The Airbus Centre of Excellence in Human Centric Cyber Security at Cardiff University is a multi-layered collaboration led by Airbus, with Cardiff University. Founded as a strategic alliance to solve human-focused threats to cyber security, the agreement draws the partners closer to work on joint projects, and builds on the existing Centre of Excellence in Cyber Security Analytics at Cardiff University. In the second of two blogs, we focus on extracts from the launch speeches, celebrating the growth and future of the partnership.

Matilda Rhode, Head of Cyber Innovation and Scouting, Airbus

“I Iead the innovation and scouting team at Airbus. My journey with Airbus began quite a while ago: it’s a product of the collaboration between Cardiff University and Airbus. I started out in 2015 with my PhD, supervised by Professor Pete Burnap, so I’ve been watching the story evolve.

We work across emerging trends: machine learning, data science and ‘Artificial Intelligence.’ Back in 2014, my predecessor, Dr Kevin Jones, anticipated this, and began working with academics leading in this space.

Pete Burnap’s secondment to Airbus led to the establishment of the Airbus Centre of Excellence in Cyber Security Analytics.
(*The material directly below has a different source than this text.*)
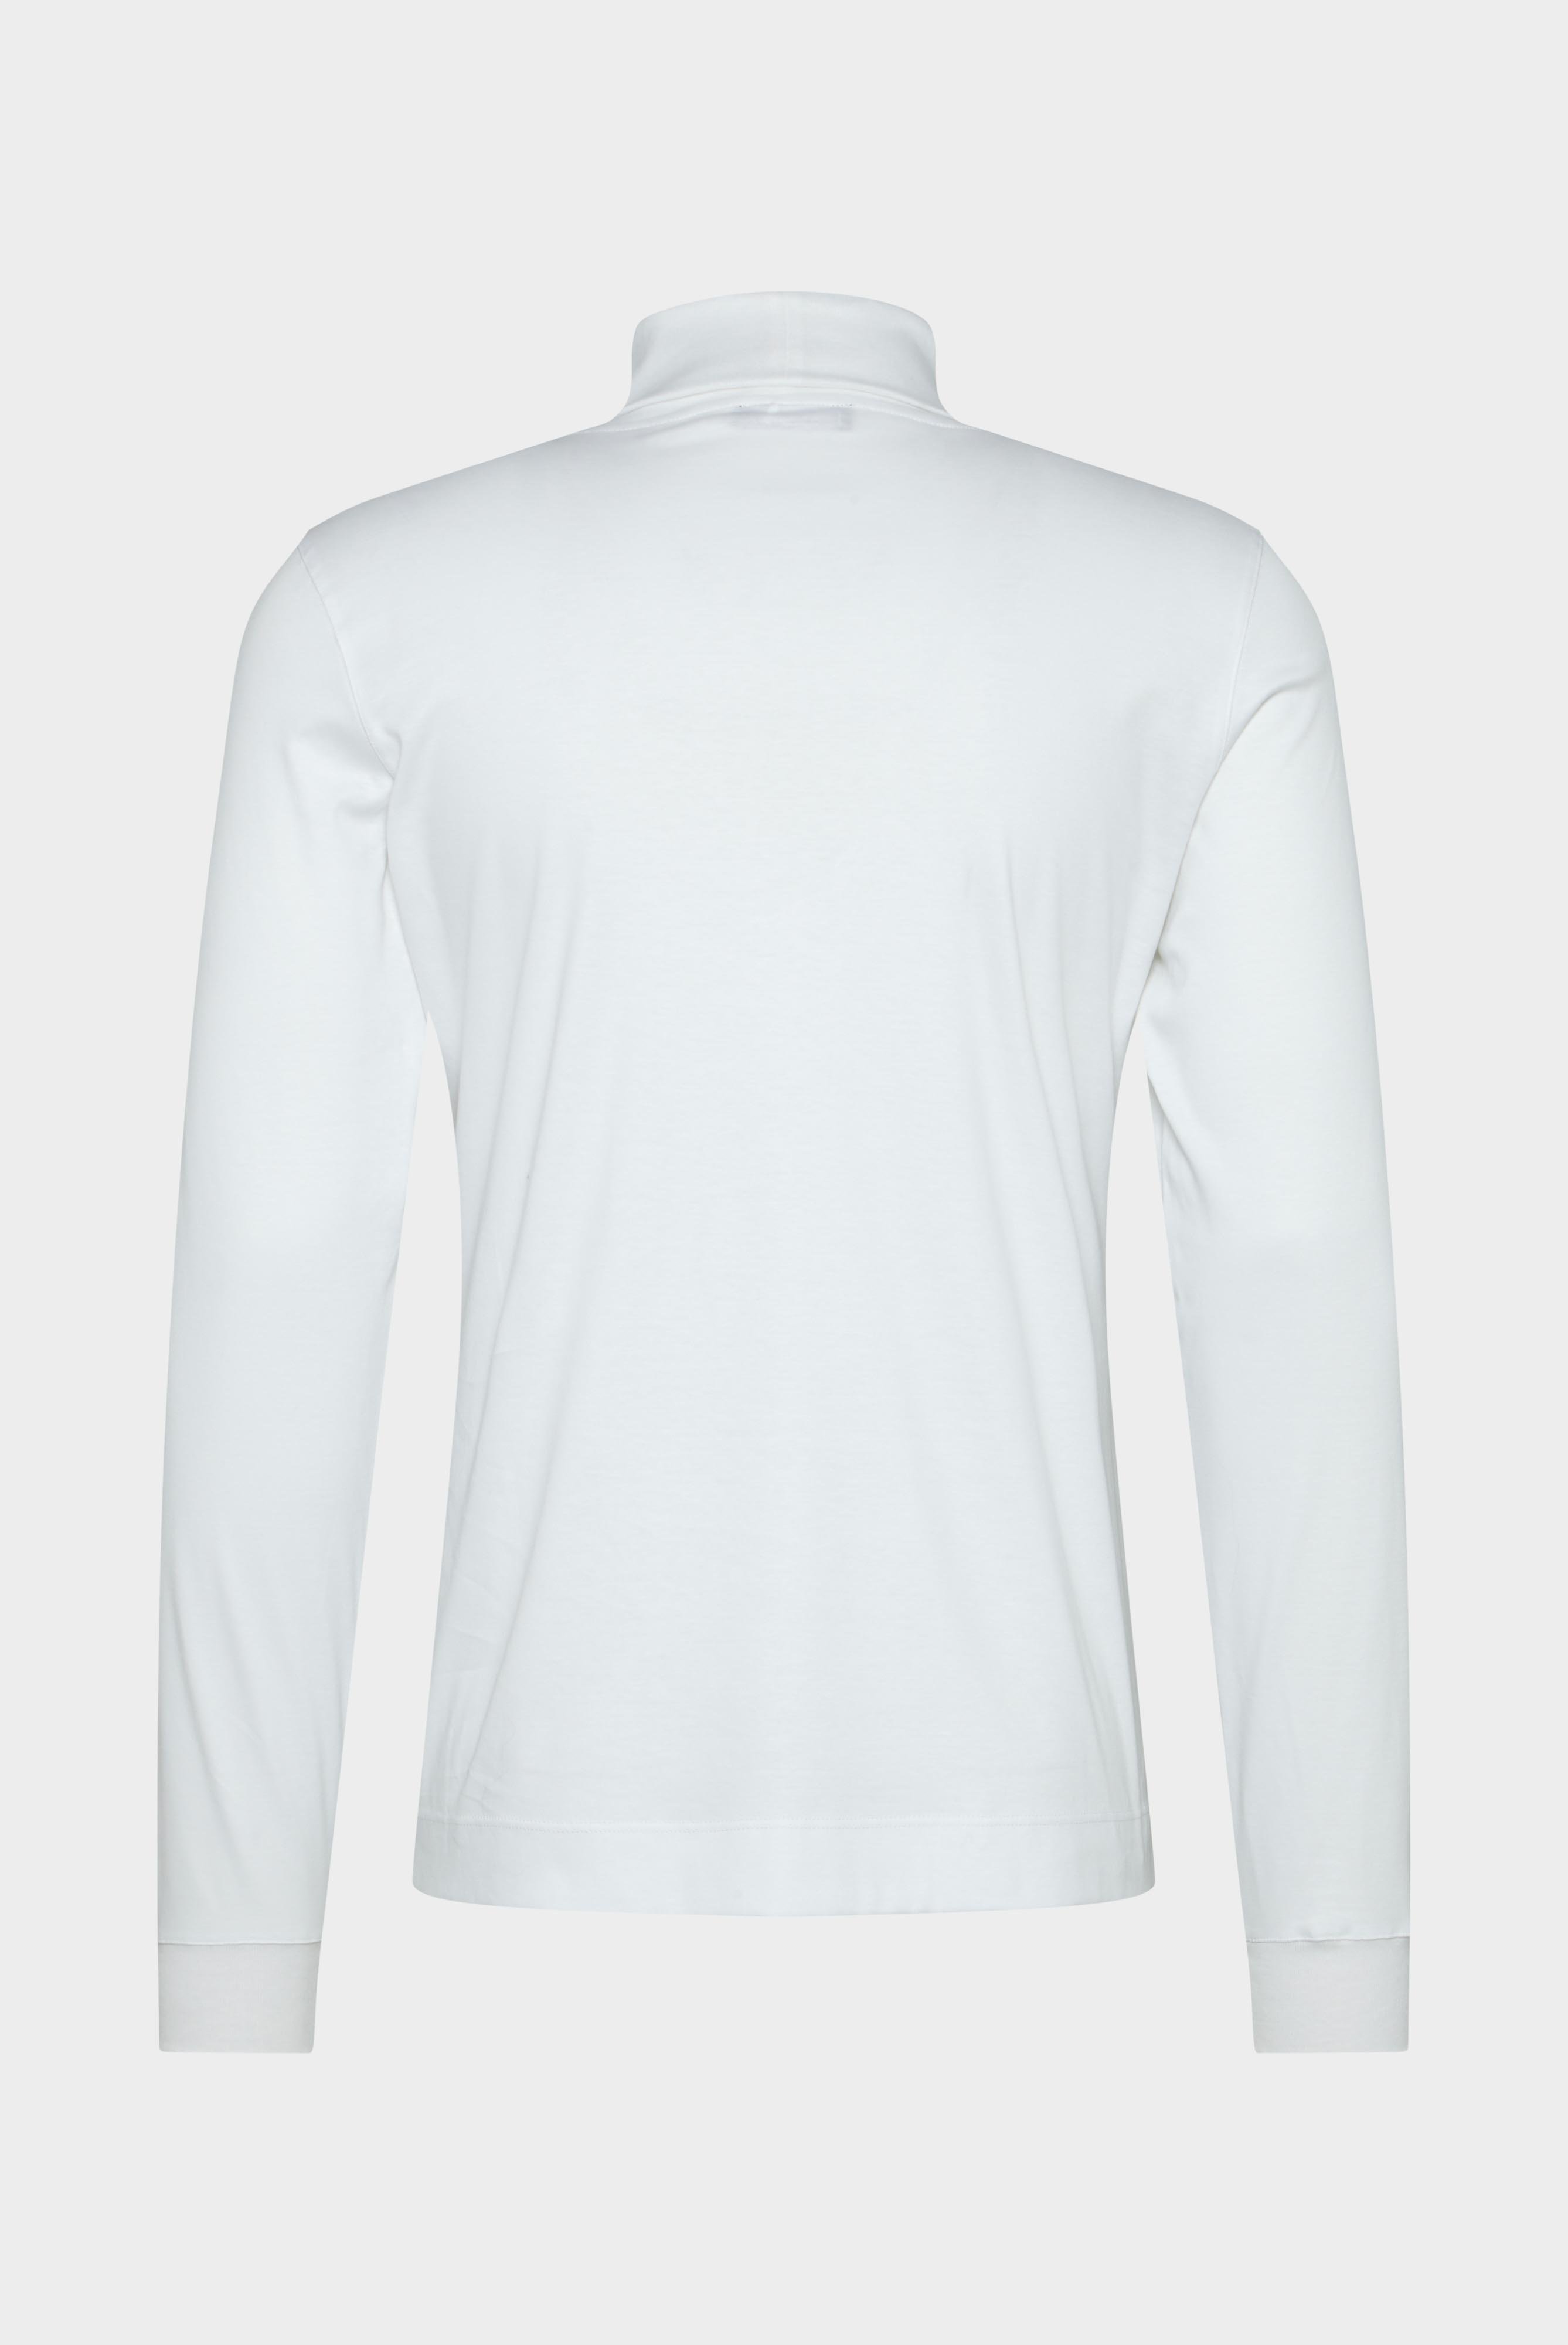 T-Shirts+Rollkragenshirt aus Jersey+20.1719.UX.180031.000.S

Over six years, it has included four funded PhDs, one research associate project funded by Endeavr and now an extended Knowledge Transfer Partnership, which means we’ve got additional funding from InnovateUK and Welsh Government to enable international travel for the knowledge transfer partner.

The partnership started by looking at automated attack detection, which is the most popular application of machine learning in this space, and found that some of the tools heavy publicised in the market were reporting fantastic results.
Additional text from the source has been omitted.